Work required ▸ The material below holds pictures; leave them out and reproduce exactly the lines from the one with "Cool Grey Off-Balance" through the one with "Elephant 2 - Clear Cast Decal", inclusive.

*** Opening Provided information ***

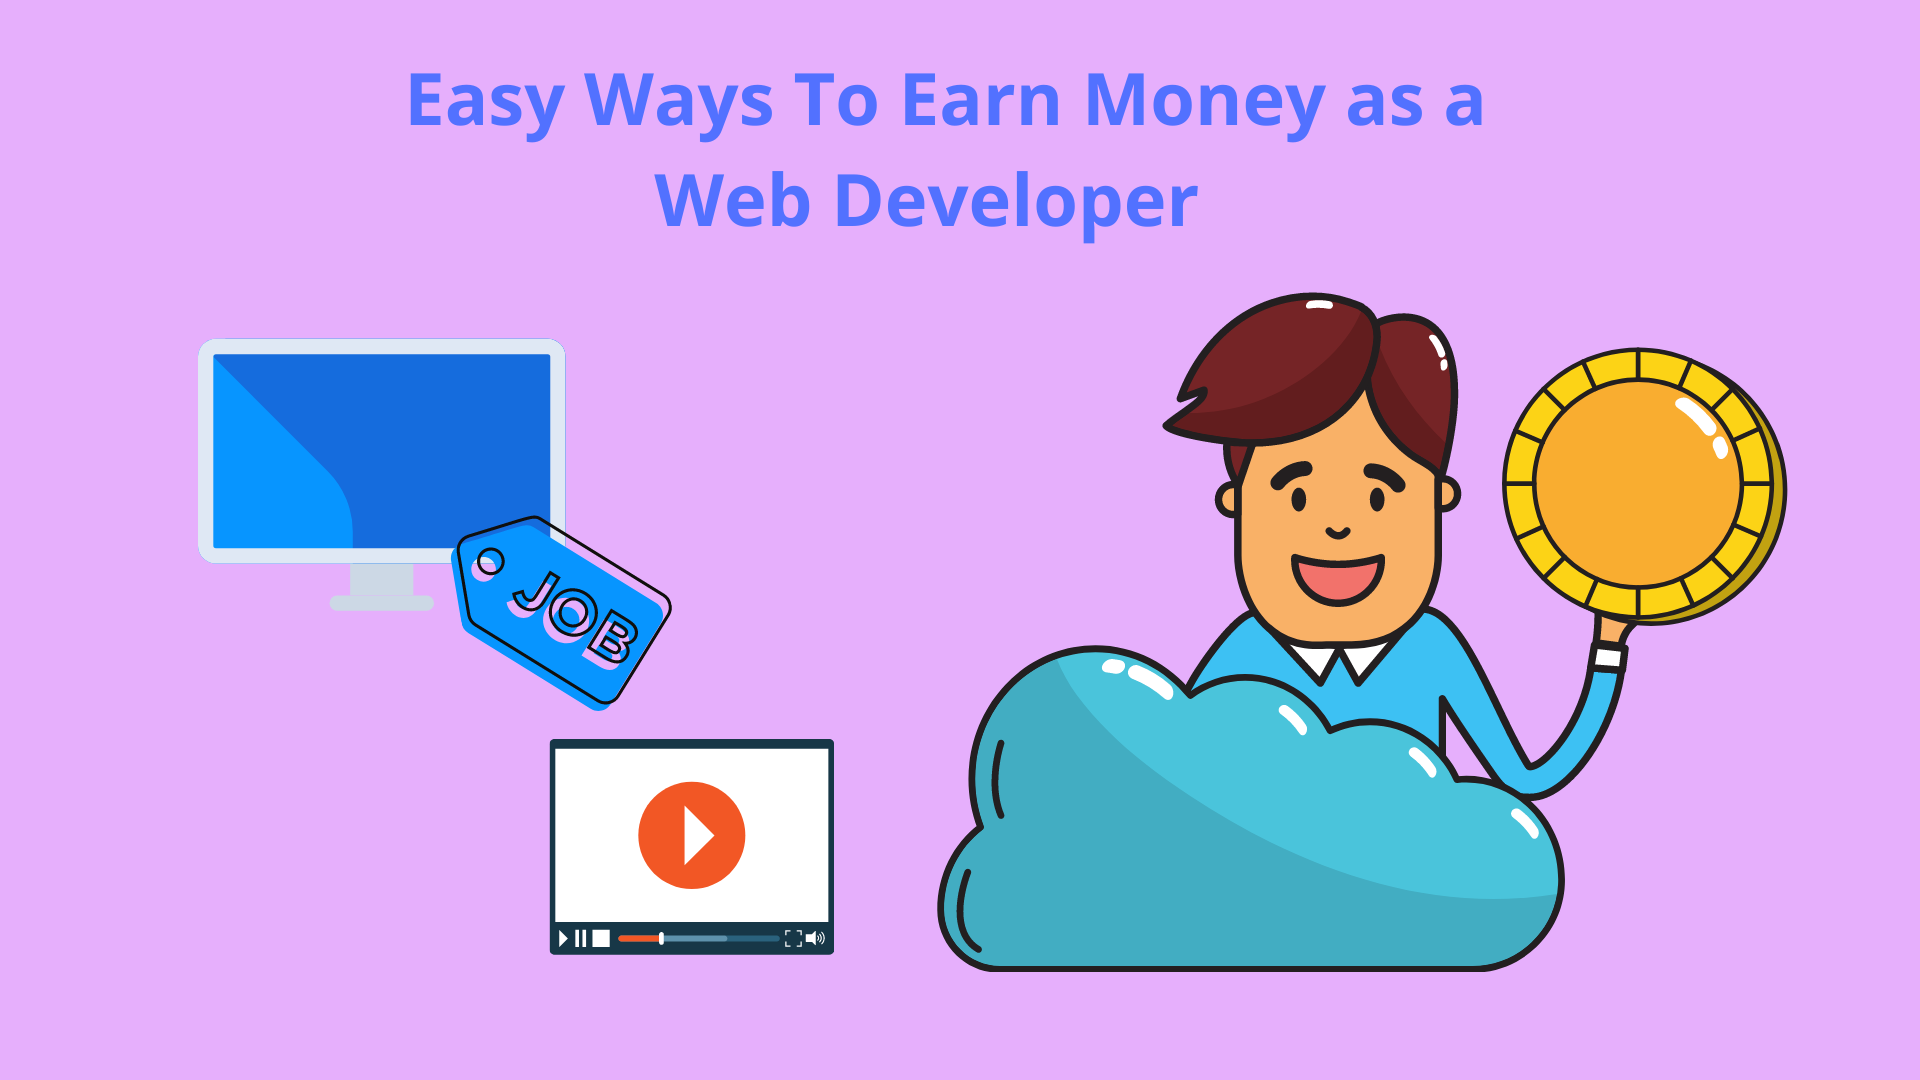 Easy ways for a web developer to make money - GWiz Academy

*** Closing Provided information ***
*** Opening Provided information ***

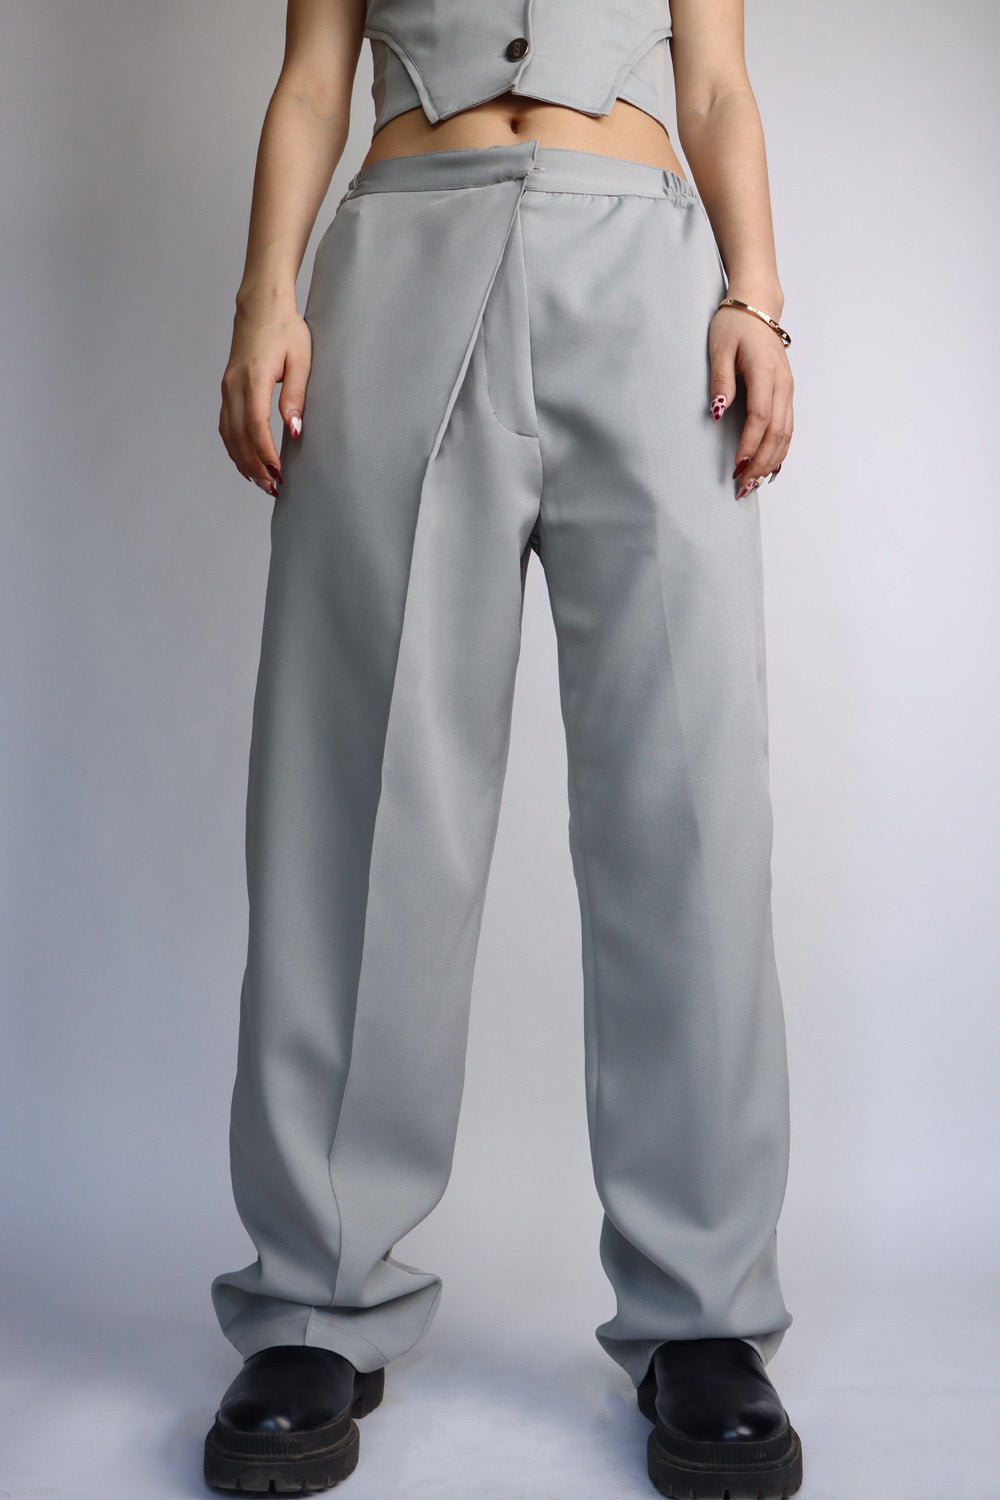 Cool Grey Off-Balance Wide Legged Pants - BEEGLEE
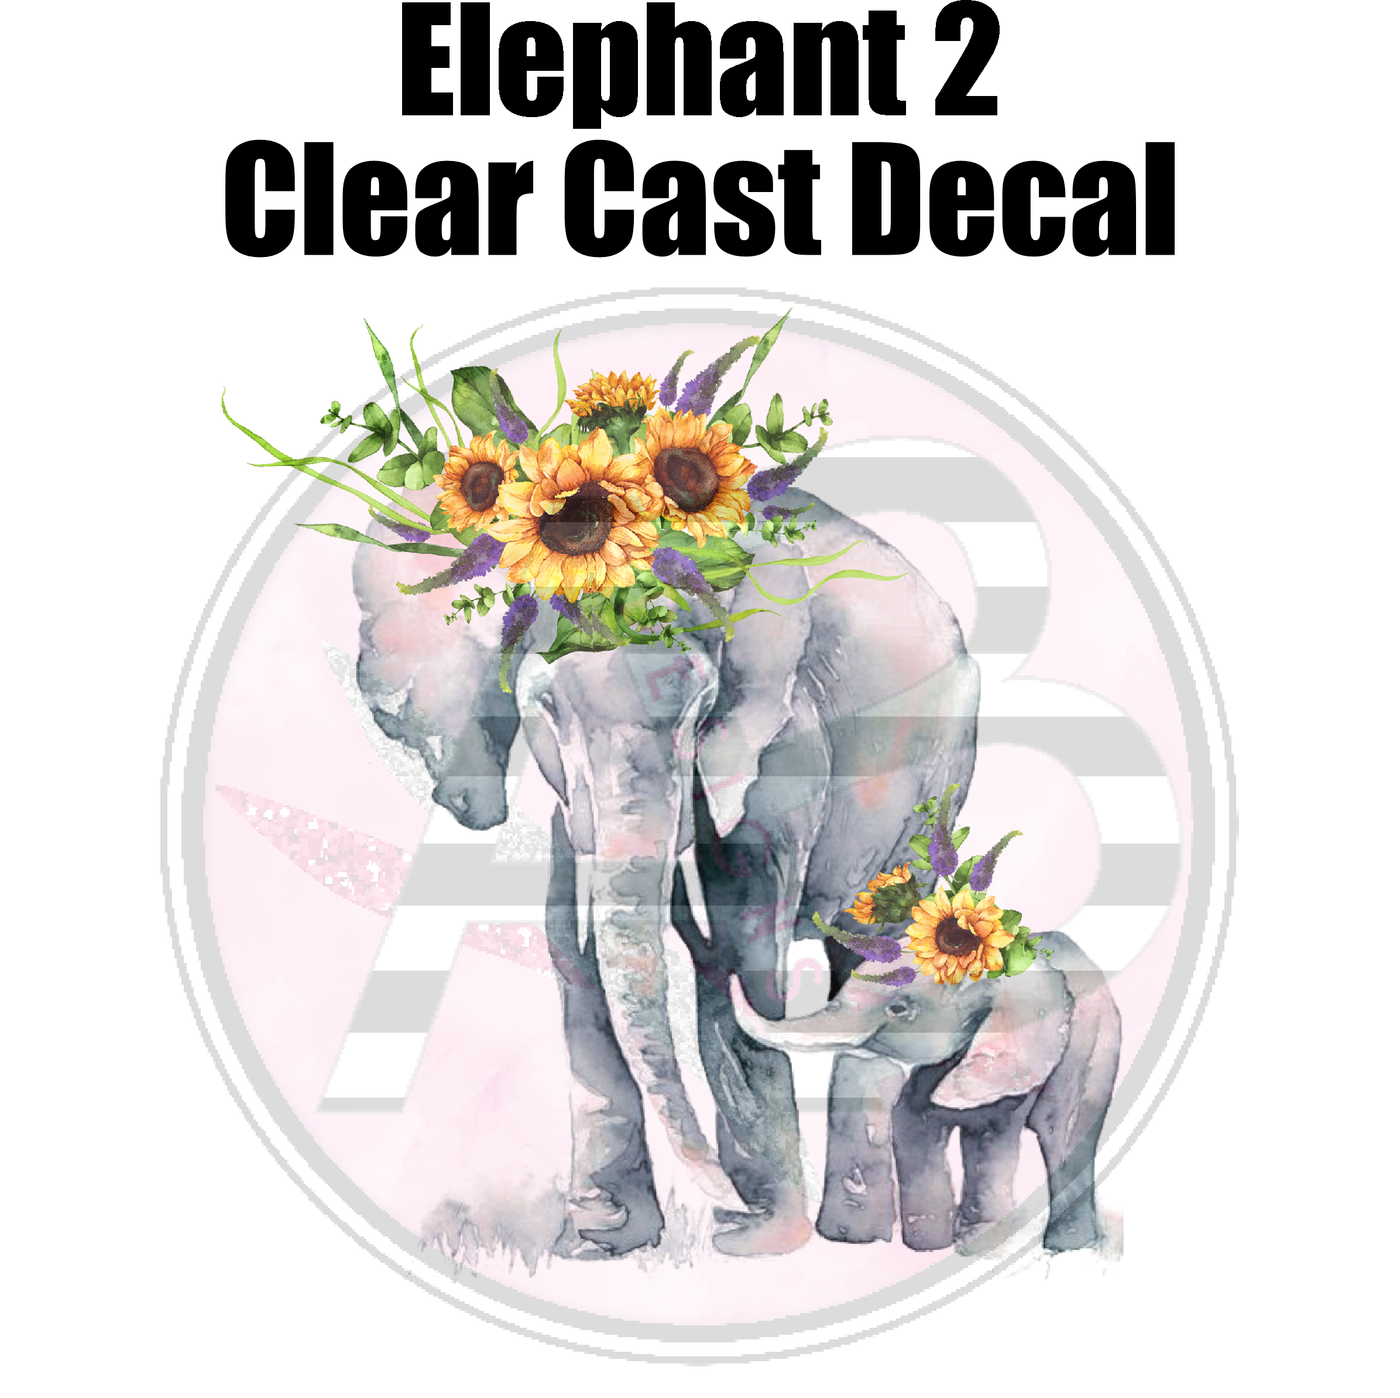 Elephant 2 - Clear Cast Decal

*** Closing Provided information ***
*** Opening Provided information ***

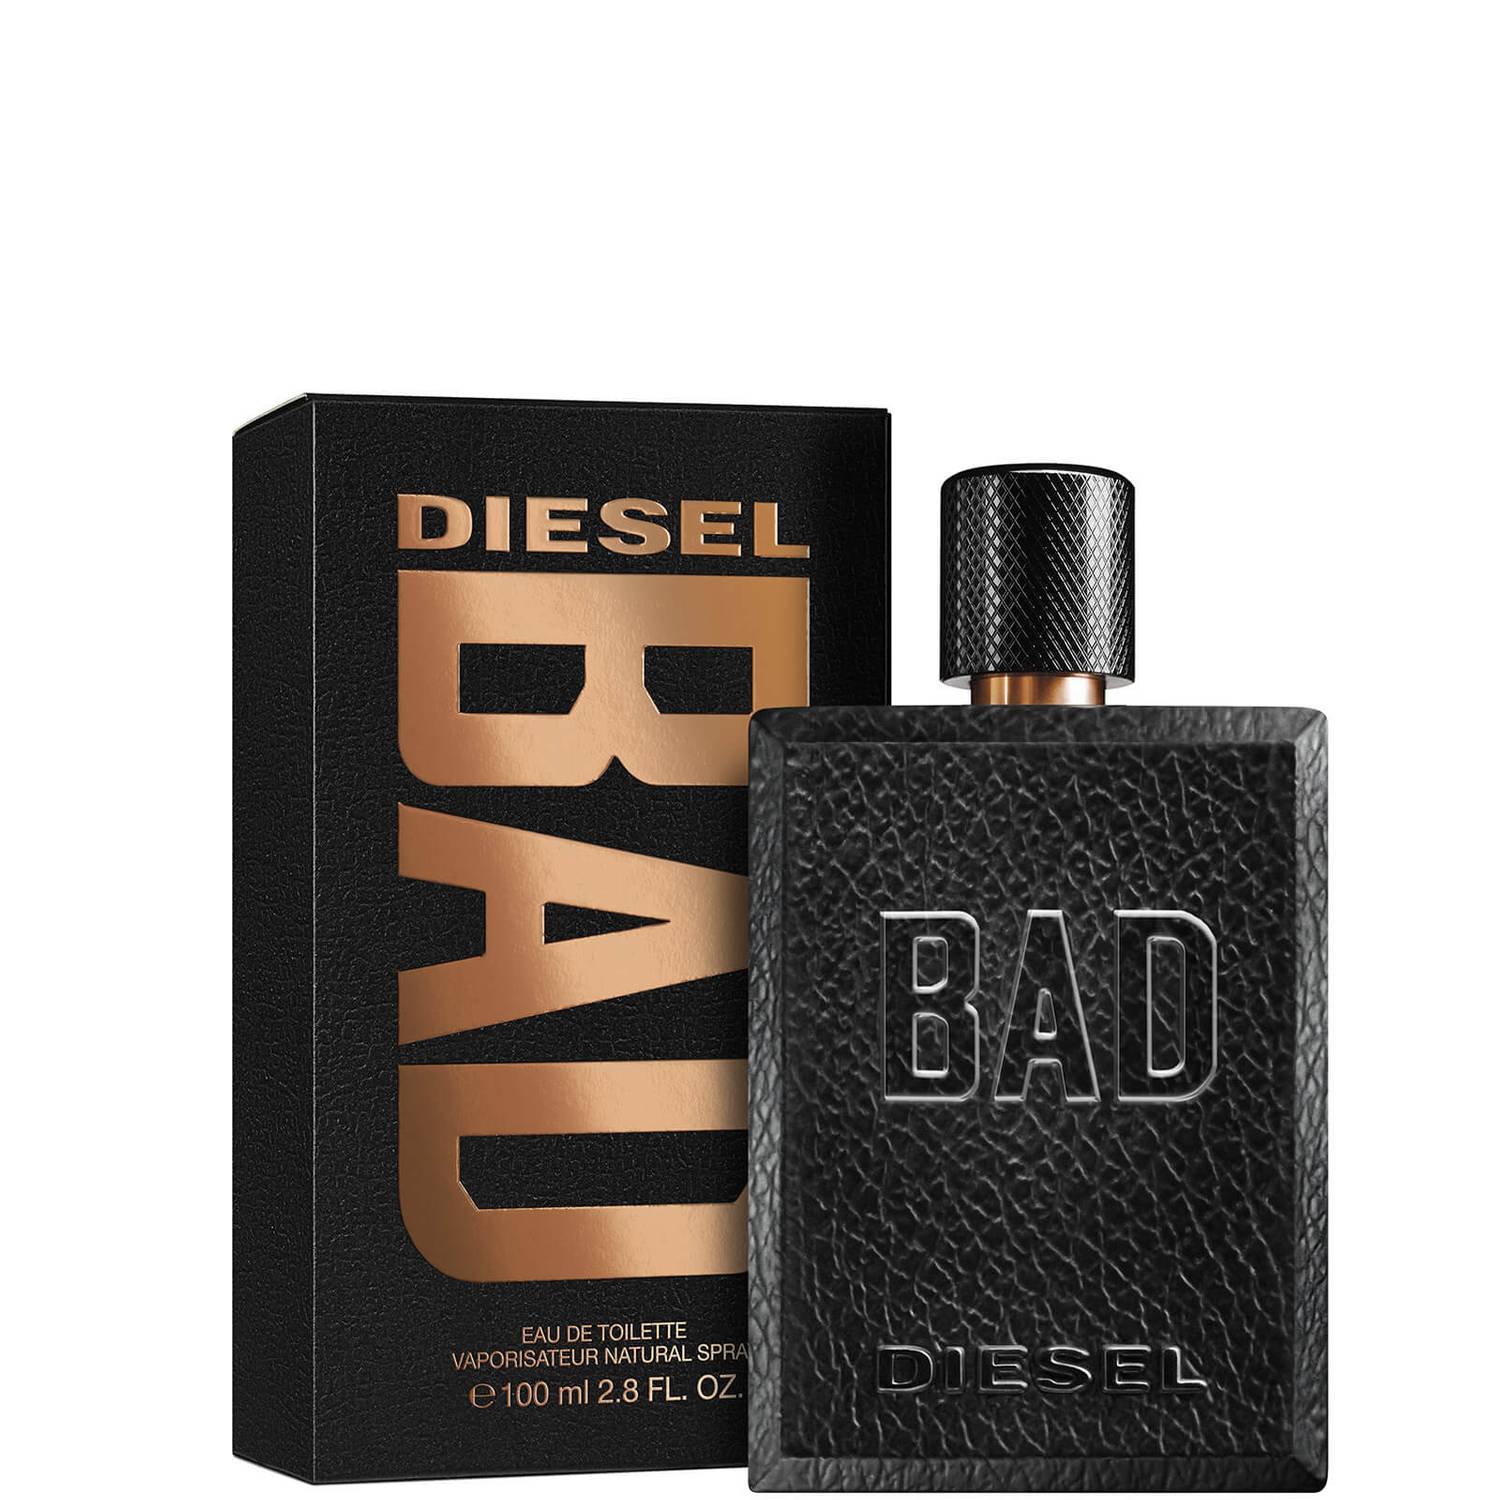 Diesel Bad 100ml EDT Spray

*** Closing Provided information ***

Written response ▸
 Cool Grey Off-Balance Wide Legged Pants - BEEGLEE
 Elephant 2 - Clear Cast Decal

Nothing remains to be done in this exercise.